Although the holiday season is meant for a time of rejoicing, relaxing and spending time with the ones we love, it more often than not ends up being a hectic time laden with stress. This stress often leads to abandonment of exercise routines, overeating and lack of sleep. And, all of these resulting issues actually cause more stress which can result in a vicious circle.

It doesn't have to be that way! With a little planning and common sense, you can turn this holiday season around right now and truly enjoy the time while also taking care of yourself. Use the six-week holiday survival guide below to stay fit, healthy and stress free (or at least less stressful) during this year's festivities.

Six Weeks Out

Start by marking down the dates you have specific commitments that can't be altered (e.g. dinner with your Aunt and Uncle, office holiday party, etc).

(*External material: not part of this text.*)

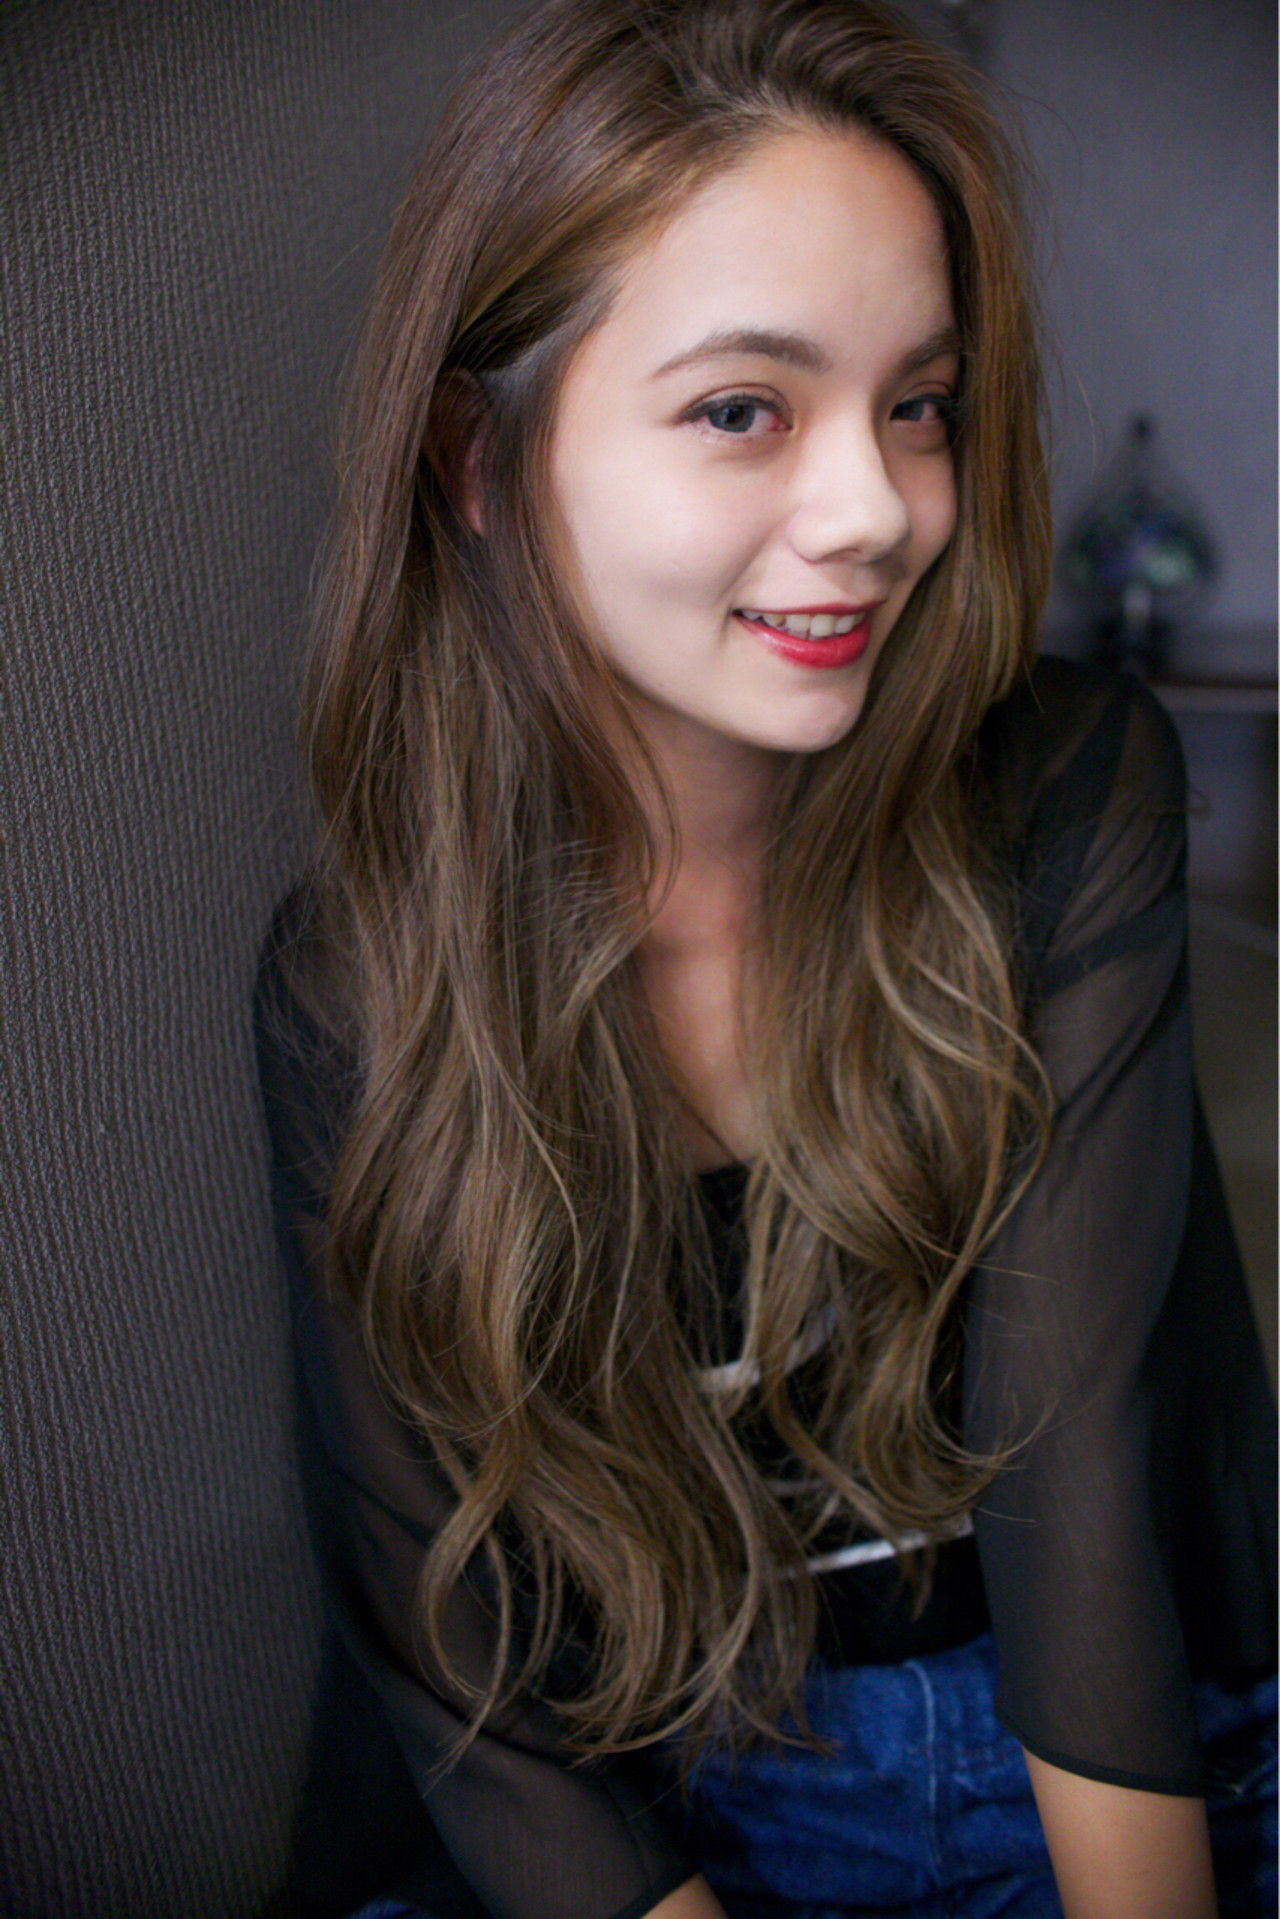 グラデーションカラー 暗髪 ナチュラル ピュア ヘアスタイルや髪型の写真・画像 | 立野寛『リュウノ ヒロシ』 / kicros

Commit to a minimum of 60 minutes per week of cardio activity and 30 minutes per week of strength training. It doesn't matter how long each session is only that you complete the total amount in each seven day period. So, you may do 10 minutes one day, 5 minutes the next and 20 minutes another day. These sessions should also be scheduled as appointments on your calendar. The 60 minutes is a minimum if you can fit in a little cardio every day that will be even better as it will help keep your metabolism revved up.

Promise to be realistic with your treat indulgences. A small piece of pie two or three times during the season and a few cookies here and there is perfectly fine. After all, if you are too strict with yourself you won't have an enjoyable season and may ultimately indulge to an extreme. But, also don't allow yourself a free-for-all on calories for six weeks or you'll be starting the new year with the unwanted gift of extra pounds!

Make a list of everything you need to do to prepare for the holidays. Mark the items that you most look forward to doing. For some this may be decorating your house or getting gifts ready for charity (it can be anything - remember this is YOUR list).

Now get your calendar or online scheduler and mark the days that you will complete each of the above tasks (keeping in mind the days you already marked for commitments).

For the items that you didn't mark (the ones you might actually dread), consider first if they are necessary to do. If so, then find ways to make them more enjoyable. For example, if you despise going to a shopping mall, then purchase gifts online or make shopping more of an event - include a special lunch (alone or with someone) and maybe a manicure for yourself to break up the day.

Be sure to also include in your schedule simple holiday pleasures (baking with kids or other loved ones, checking out a holiday flick at the theatre, etc.)

Strive to get as much as is reasonable done before the three weeks out mark. This will help you decrease your last minute stresses and help you stay on track with your eating and fitness.

Less Than Three Weeks Out

Evaluate your fitness and eating progress for the past three weeks. Have you been able to stick to your 60 and 30 minute commitments? If so, give yourself a pat on the back and keep going strong! If not, ask yourself why not? What's gotten in the way of your plan? And, is it really more important than taking care of yourself?

Have you been eating 5 meals per day, drinking enough water and limiting your indulgences? If you've been skipping meals and eating cookies every day, then it's time to reevaluate your plan to determine how to get back on track with your time.

If despite your best efforts, you are feeling behind on your tasks then why not hire some help and consider it a gift to yourself. Think about how much your time is truly worth (remember, time is money) and contract out accordingly. For example, consider hiring a cleaning service to clean your house either for that upcoming party you are hosting or just for your sanity.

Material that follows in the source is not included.